## Source data
- - - -

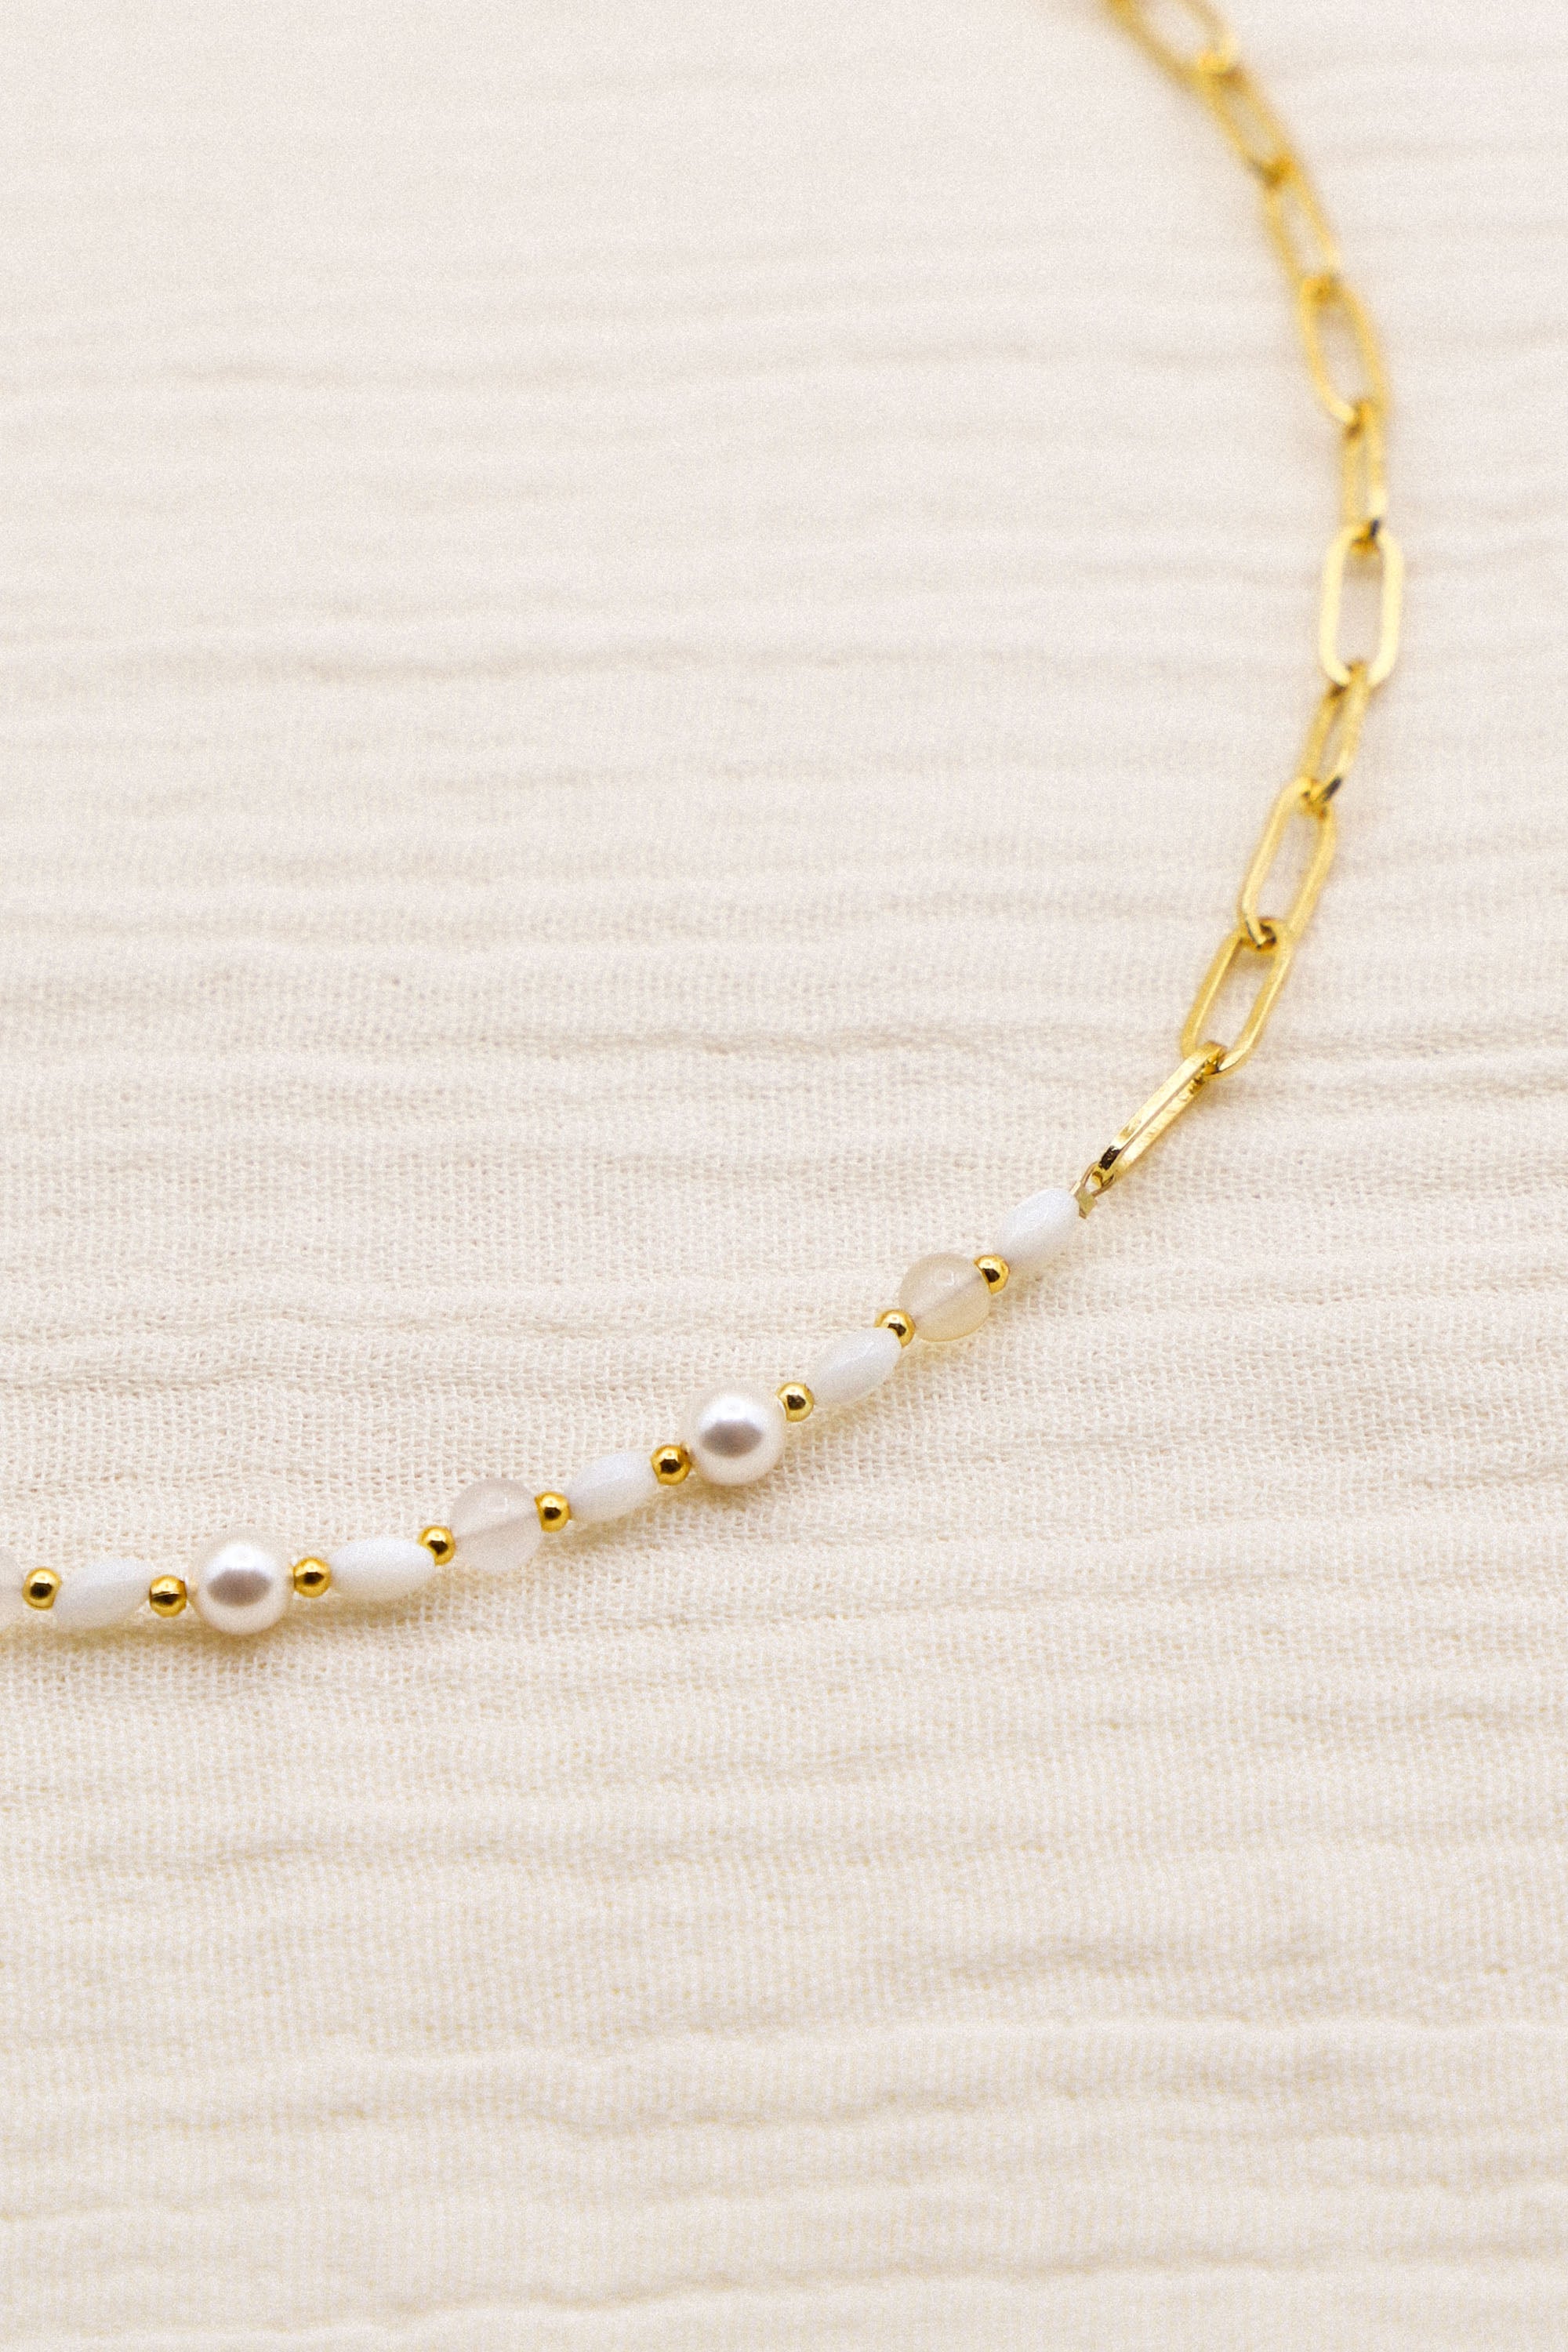 Collier Grace asymétrique, avec un côté perles et un côté chaîne. Les perles sont blanches et rythmées par de petites dorées.
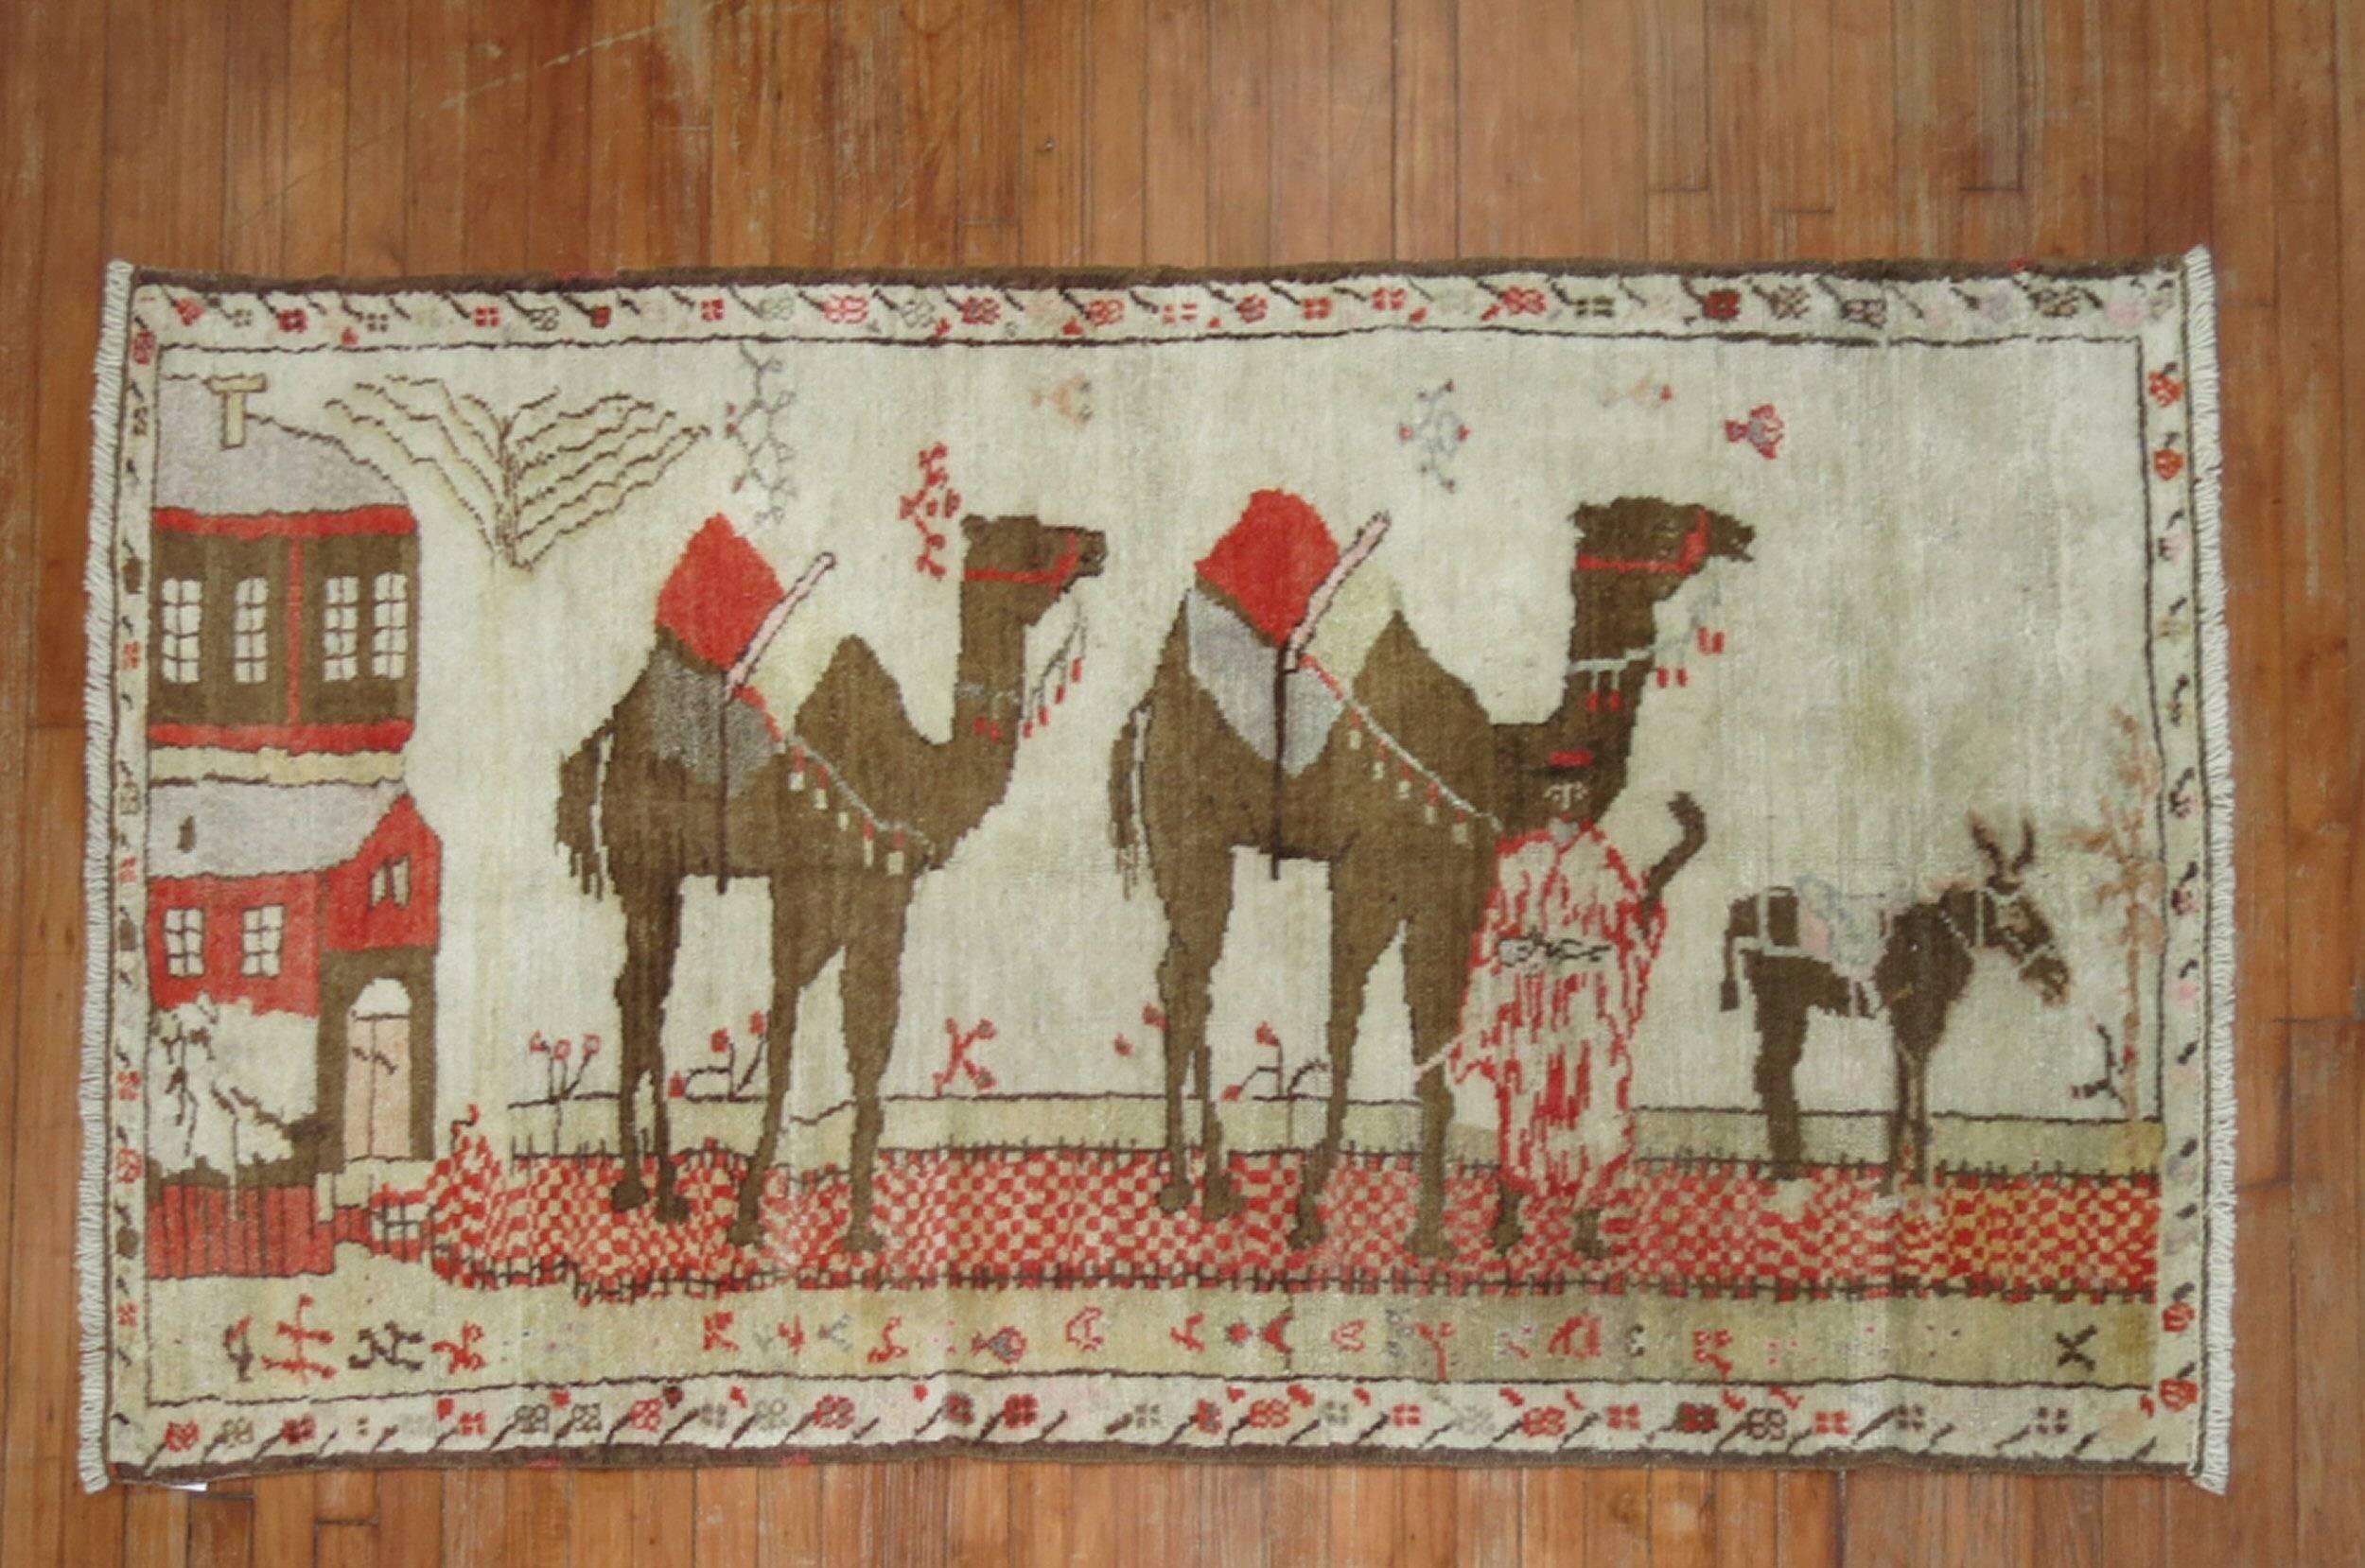 Türkischer Bildteppich, gewebt in der Zentraltürkei, mit zwei großen Kamelen und einem kleinen Pferd.

3'6'' x 6'4''
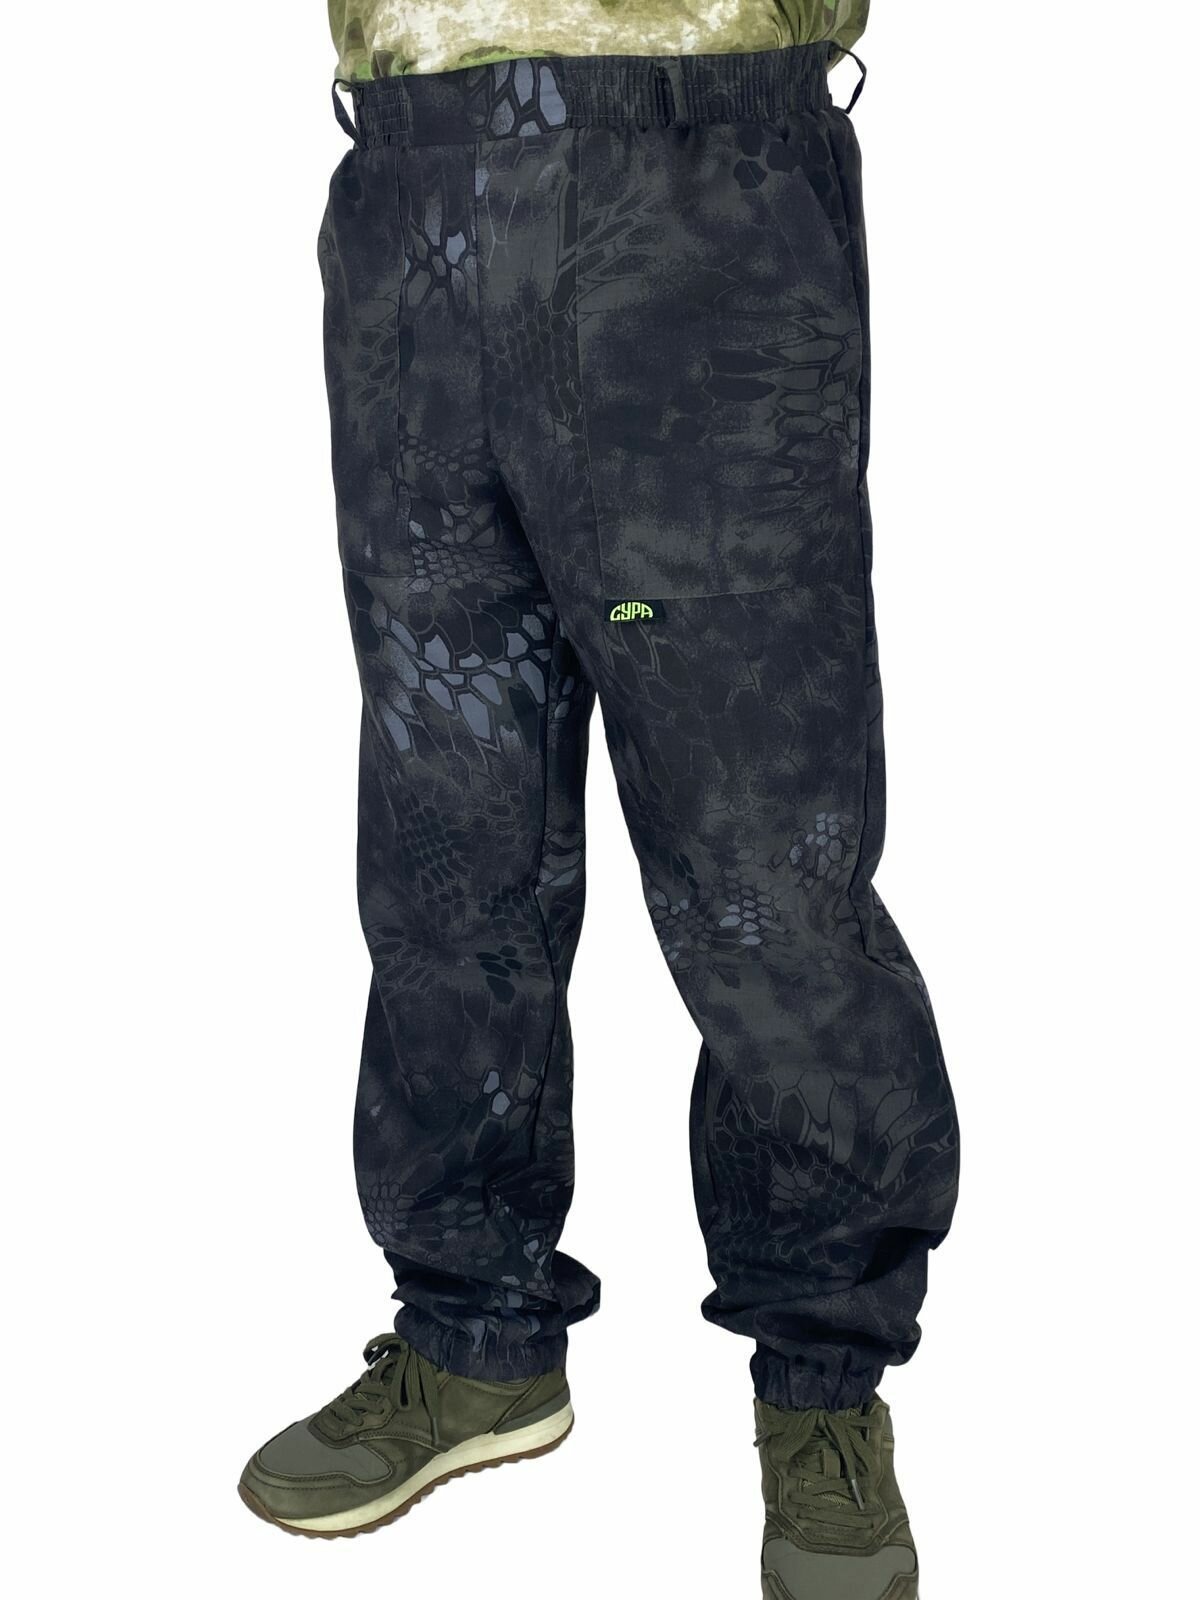 Камуфляжные брюки V3, 24 расцветки, тонкий материал / камуфляжные брюки / рабочие брюки

- - - -

## Exercise goal
The copy should hold exactly the lines from the line containing "3'6'' x 6'4''" through the end of the data, both ends included, and no pictures.

## Expected answer
3'6'' x 6'4''
 Камуфляжные брюки V3, 24 расцветки, тонкий материал / камуфляжные брюки / рабочие брюки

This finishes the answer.